In their quest for a sixth consecutive indoor soccer title, the Sockers are coming at it from a different direction this time.
"No one has much sympathy for us," said Ron Newman, coach of the beleaguered champions. "When we're down like this, everyone likes to have a kick at us."
That's the way it has gone this year in the Major Indoor Soccer League, which previously may as well have been the Major Indoor Sockers' League.
These Sockers are seemingly as vulnerable as a political candidate with his picture on the checkout stand tabloids. Real trouble.
Kansas City got the first shot at the dastardly villains in the opening round of the playoffs. No one ever before thought in terms of "getting a shot" at the Sockers. Guys who'd want to play the Sockers would pick a fight with New York Giant linebackers.
There has been no such intimidation this year.
"It has been a strange year," Newman said early Tuesday. "It's almost as if we haven't played this year."
Indeed, the regular season came and went without a trace of the Sockers' normal dash and dare. They muddled along to a 27-25 record, good for nothing but a fringe invitation to the playoffs they have owned for so long.
Injuries had much to do with this dilemma. MISL opponents have been narrowing the gap each year anyway, but this year's injuries opened the gap in the other direction.
"We've had one problem after another," Newman lamented, again realizing little would be forthcoming in the way of condolences. "I'd like to know how many times we had the same team on the field for consecutive weeks."
Injuries were not even kind enough to spread themselves out among the various positions. At one point, attackers Juli Veee, Brian Quinn and Hugo Perez were all out. Just about time they were being nursed back to health, Branko Segota went out with a broken cheekbone.
It would have been sad if anyone else in the MISL really cared.
And so it was that the Sockers finished tied for third in the Western Division, eight games behind first place Tacoma.
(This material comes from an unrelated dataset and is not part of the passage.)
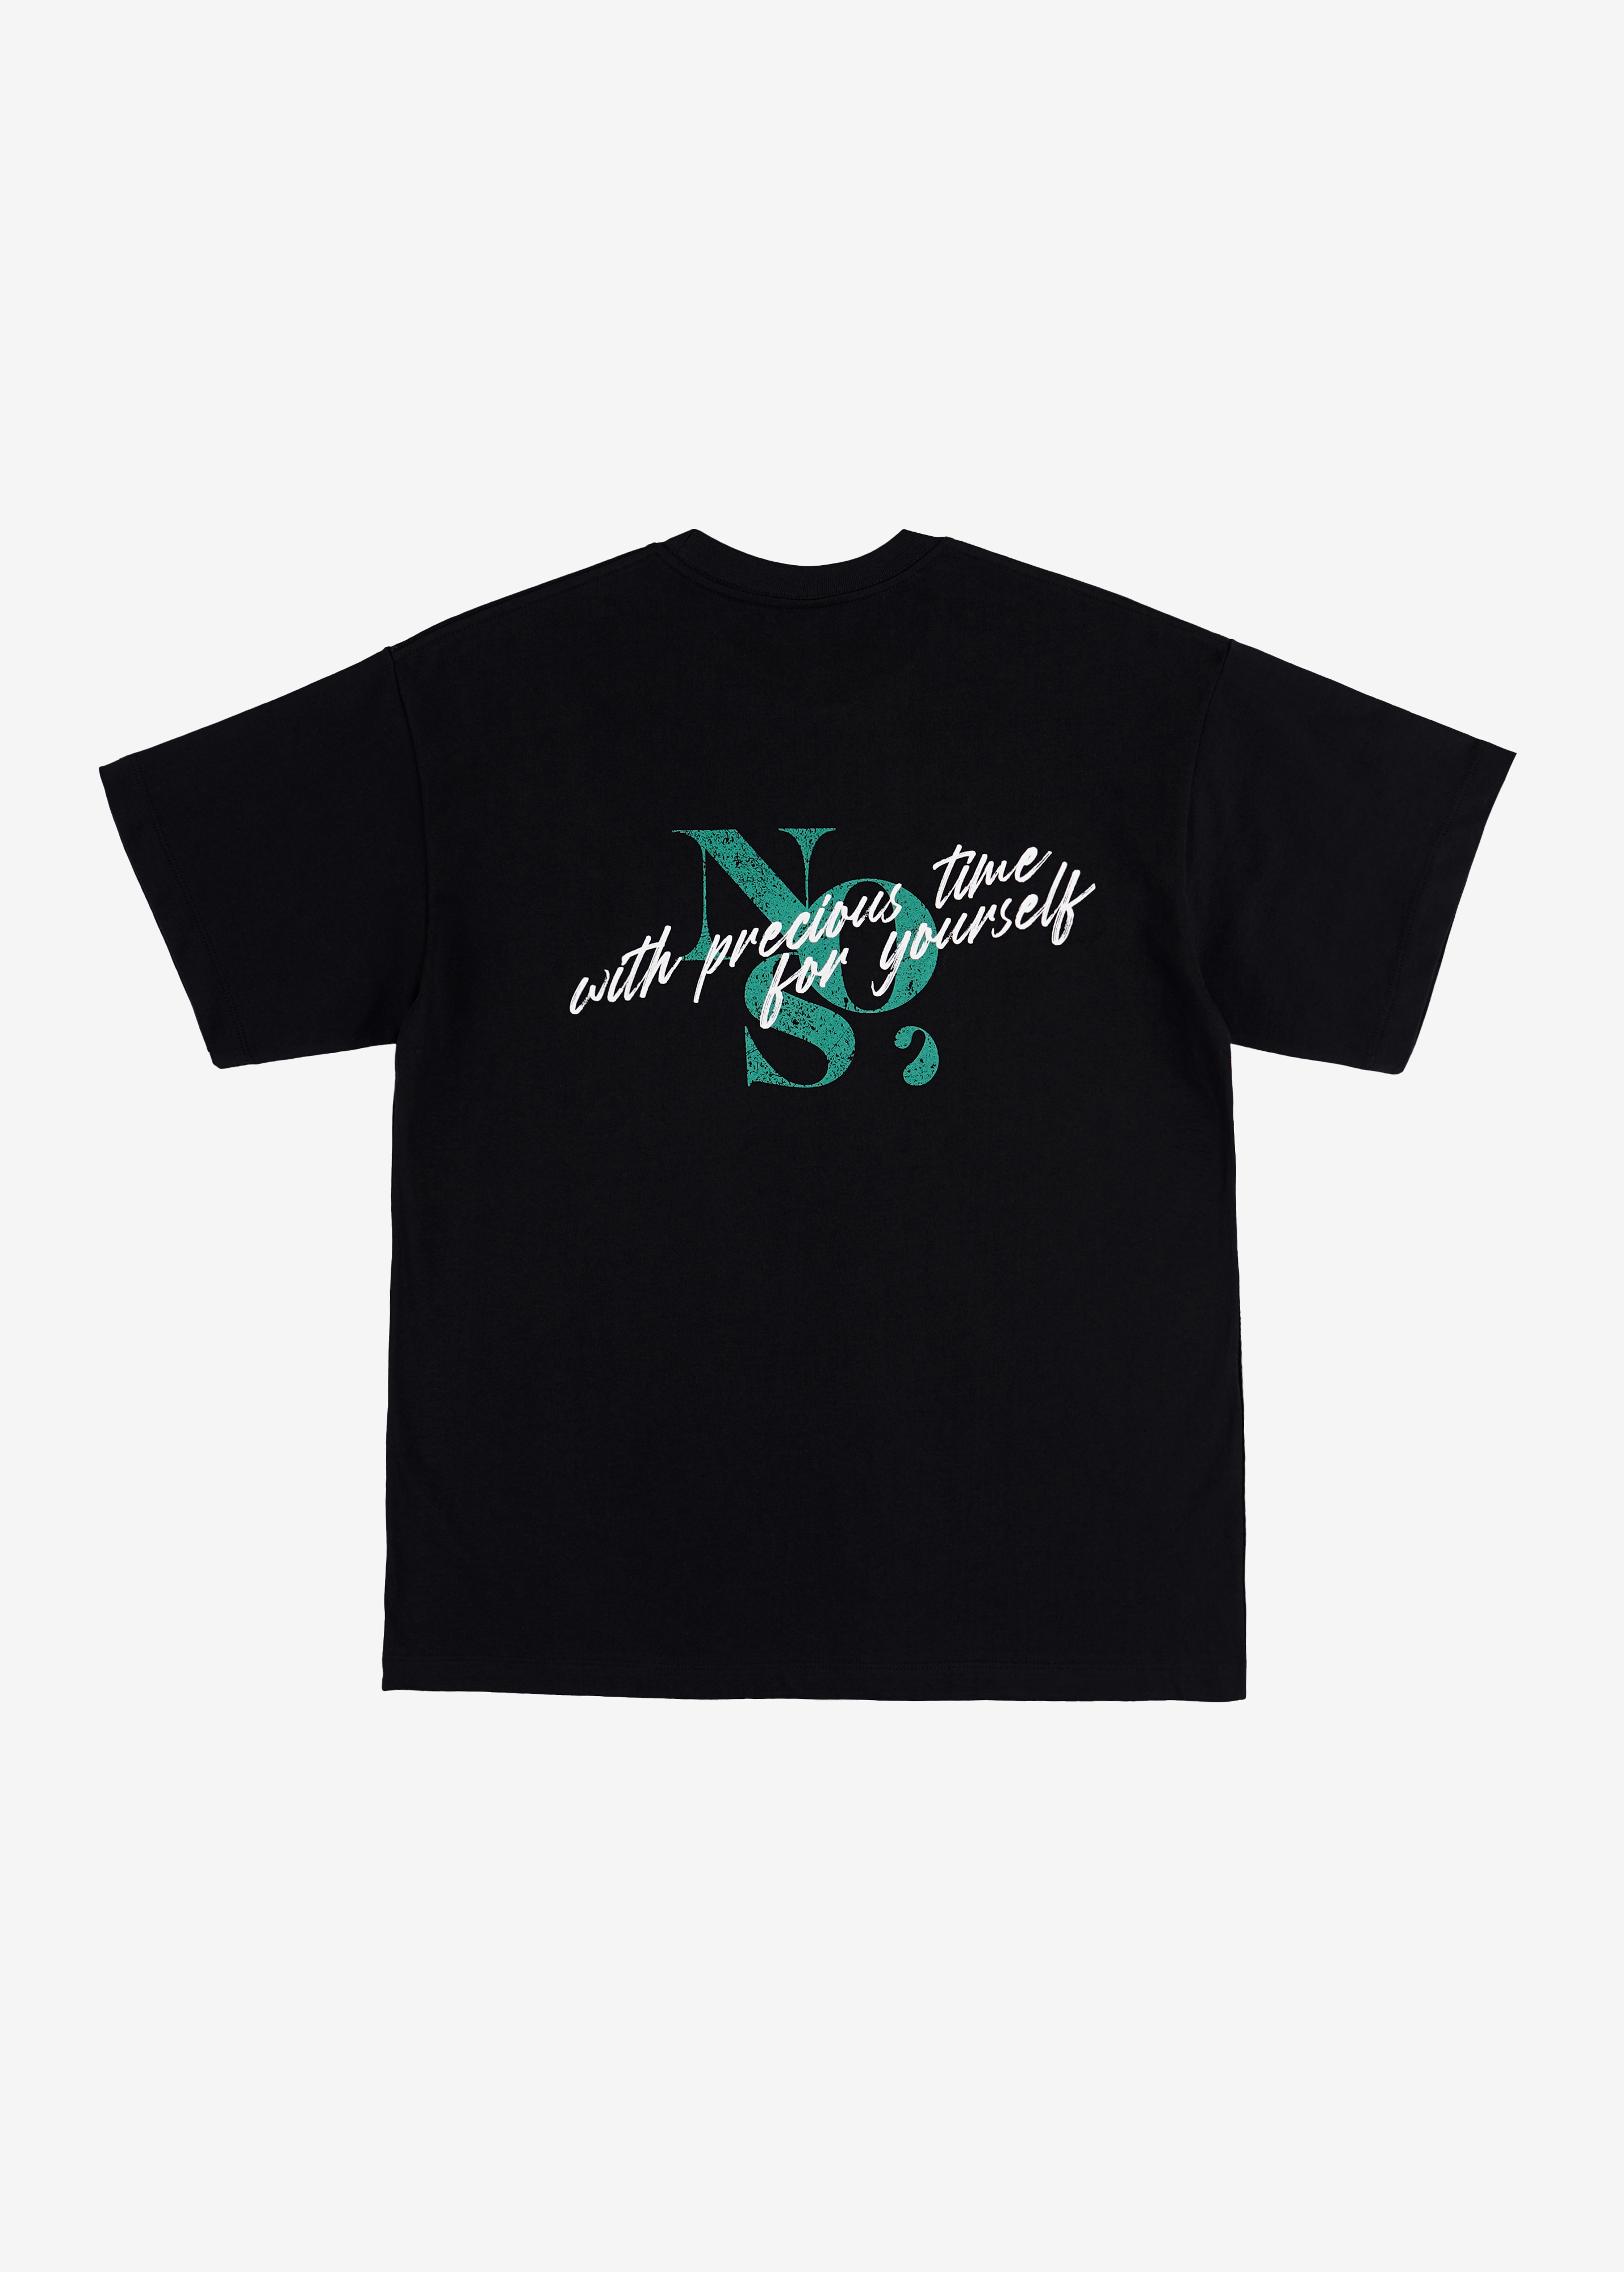 NOS7 스크레치 로고 티셔츠 - 블랙

This was a re-enactment of "The Year the Yankees Lost the Pennant" . . . or maybe "Damn Sockers."
Newman was acting deceivingly resigned to a dismal fate Tuesday morning.
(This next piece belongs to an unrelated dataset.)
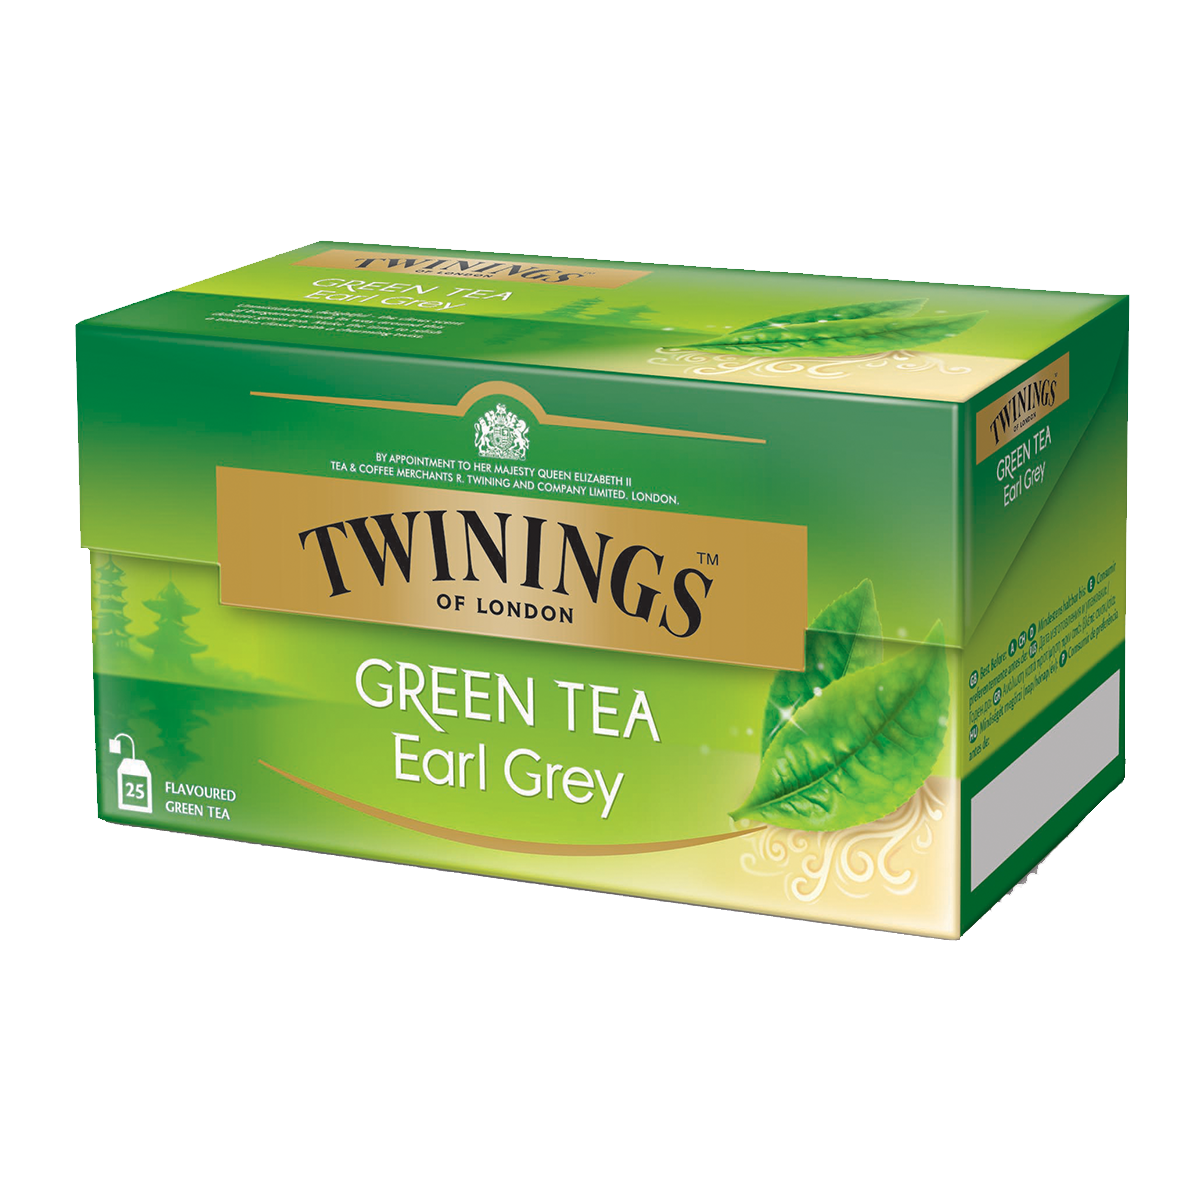  Green Tea Earl Grey: le thé vert rafraîchissant

"Everybody in the league feels it would be better for the league if we didn't win it again," he sighed. "Maybe they're right."
But . . .
"If we win it this year," he said, "it would really be something special. It would be incredible. But it'll really be a struggle. It's really been a struggle."
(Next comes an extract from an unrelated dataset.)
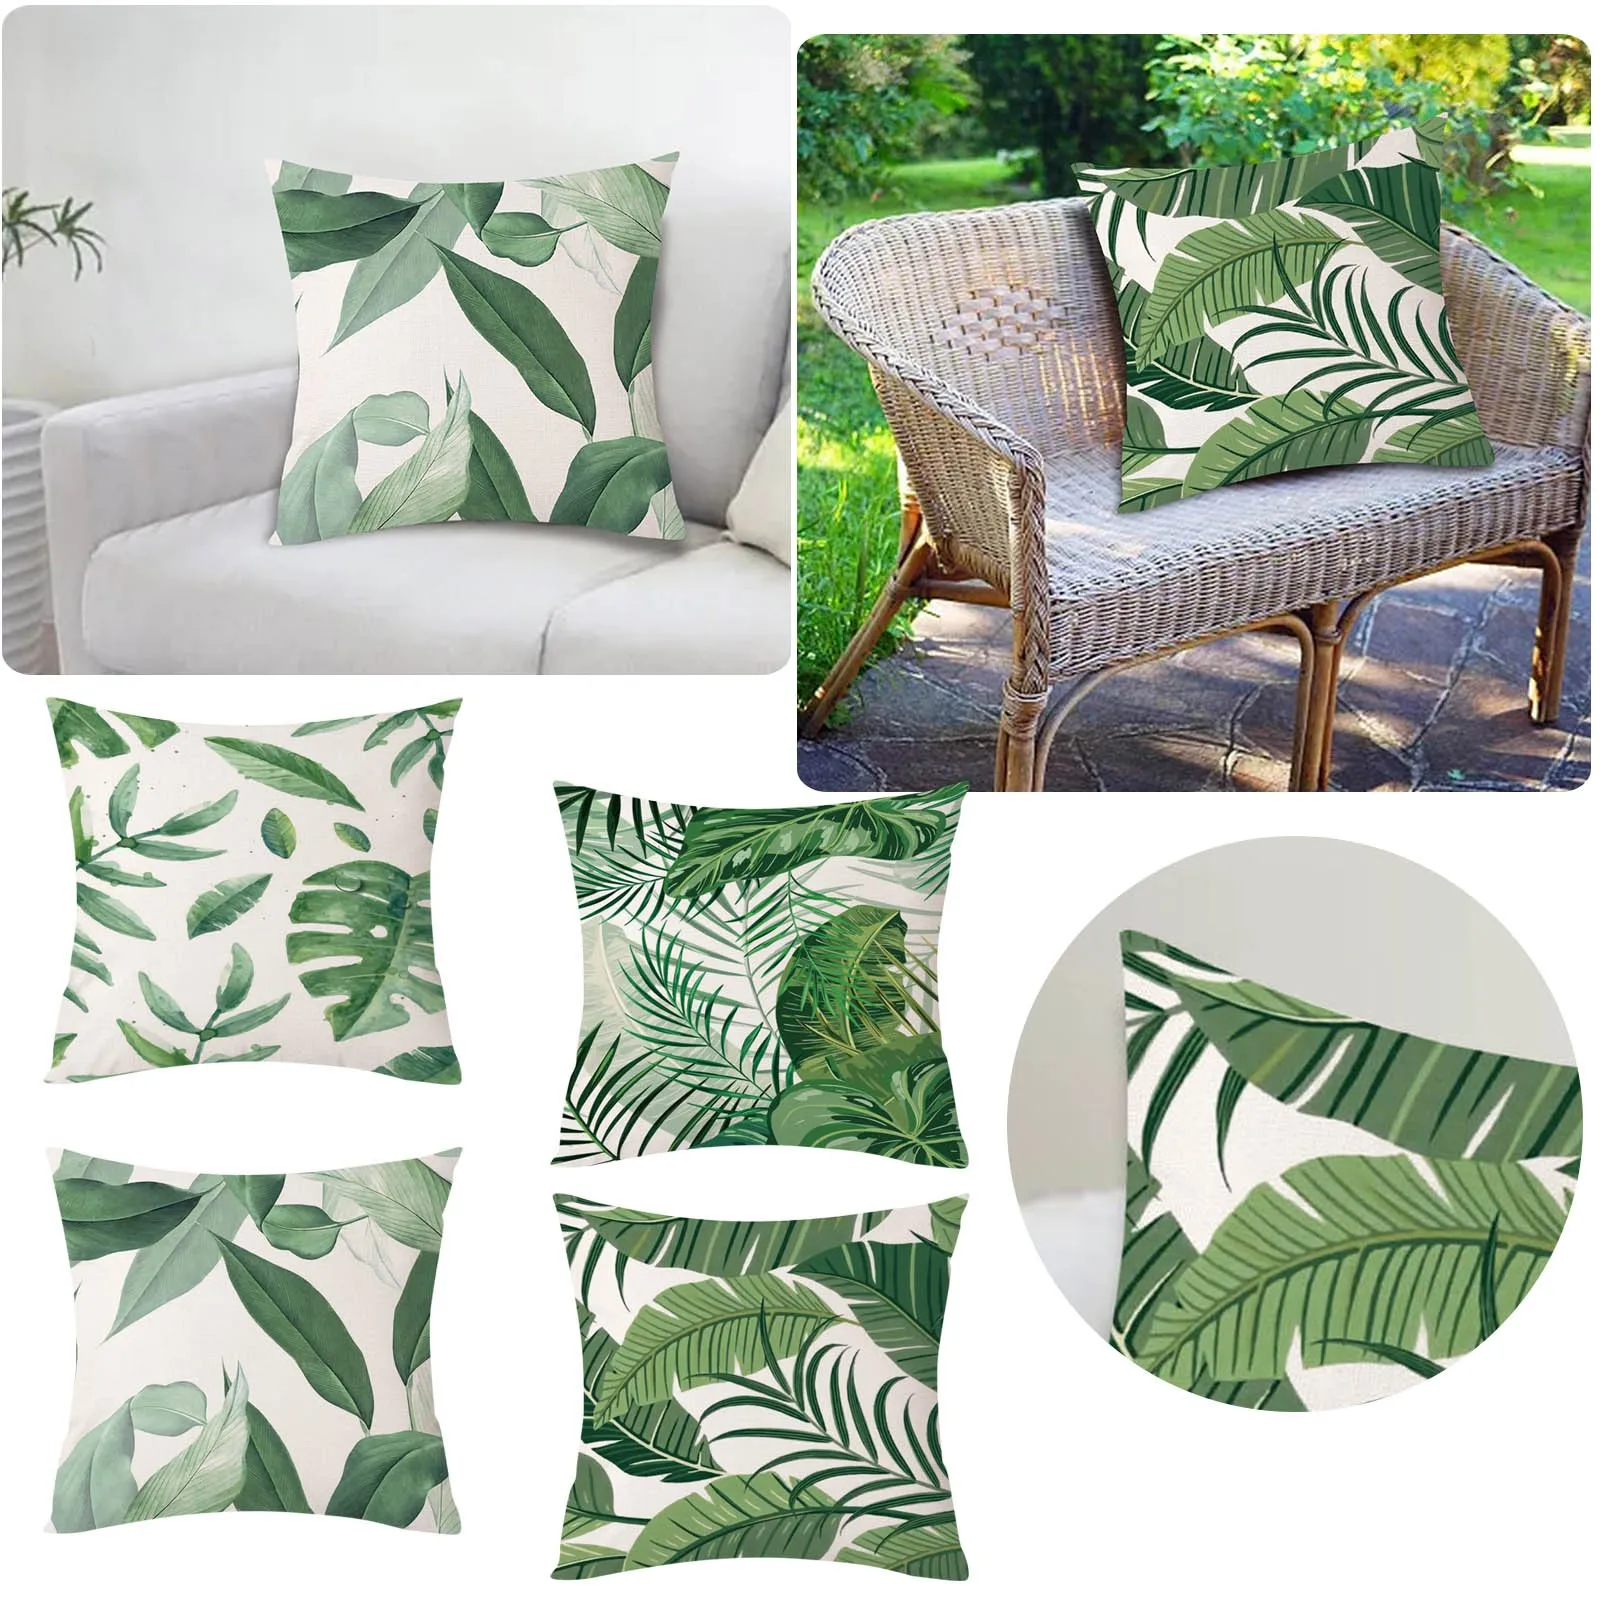 

Декоративные подушки для кровати, диванная наволочка с изображением зеленых растительных джунглей, листьев тропических дождевых лесов

And he perked up, like a cat with the canary unwittingly perched on his nose.
After all, the Sockers split those first two games in Kansas City. They gave away the home-field advantage in the regular season, but they went right out and got it back.
Jan Goossens, Kansas City's star, was certainly wary. He was with Minnesota a year ago when the Strikers led three games to one in the best-of-seven final series . . . and lost.
"I thought there was no way they'd win that fifth championship, and then they did," he said. "This year, I thought no way . . . and then we played them and they're great."
Such rhetoric did not delude the cautious Newman into advising his lads this one was as good as over. In fact, he is not so certain this home-field thing is all that it used to be.
"I don't think it's that critical anymore," he said. "Teams keep winning away from home, maybe because the schedule's so much longer and everyone's getting to know the fields on the road as well as they know the one at home. I don't feel as uncomfortable on the road, but I don't feel as infallible at home."
This has been a year in which the Sockers have not been infallible anywhere. The year the Newman Sockers fall short would, in its way, be like the year the Auerbach Celtics fell short or the Wooden Bruins finally lost.
In an era in which dynasties are measured in weeks and months, the Sockers have stretched their's to five years. This has been a dynasty fitting the definition of the word.
However, this dynasty may indeed be going the way of the Ming. There is nothing infallible about playing at home, where the Sockers had won 26 consecutive playoff games before losing in last year's final series.
In fact, on Tuesday night, home was oh-not-so-sweet . . . even after leading, 6-3, in the second half. Kansas City won, 9-7. These were the games the Sockers used to win, 12-3, or 14-3.
Not this game, and not this year. Kansas City came to the beach and kicked an avalanche of sand all over the bullies.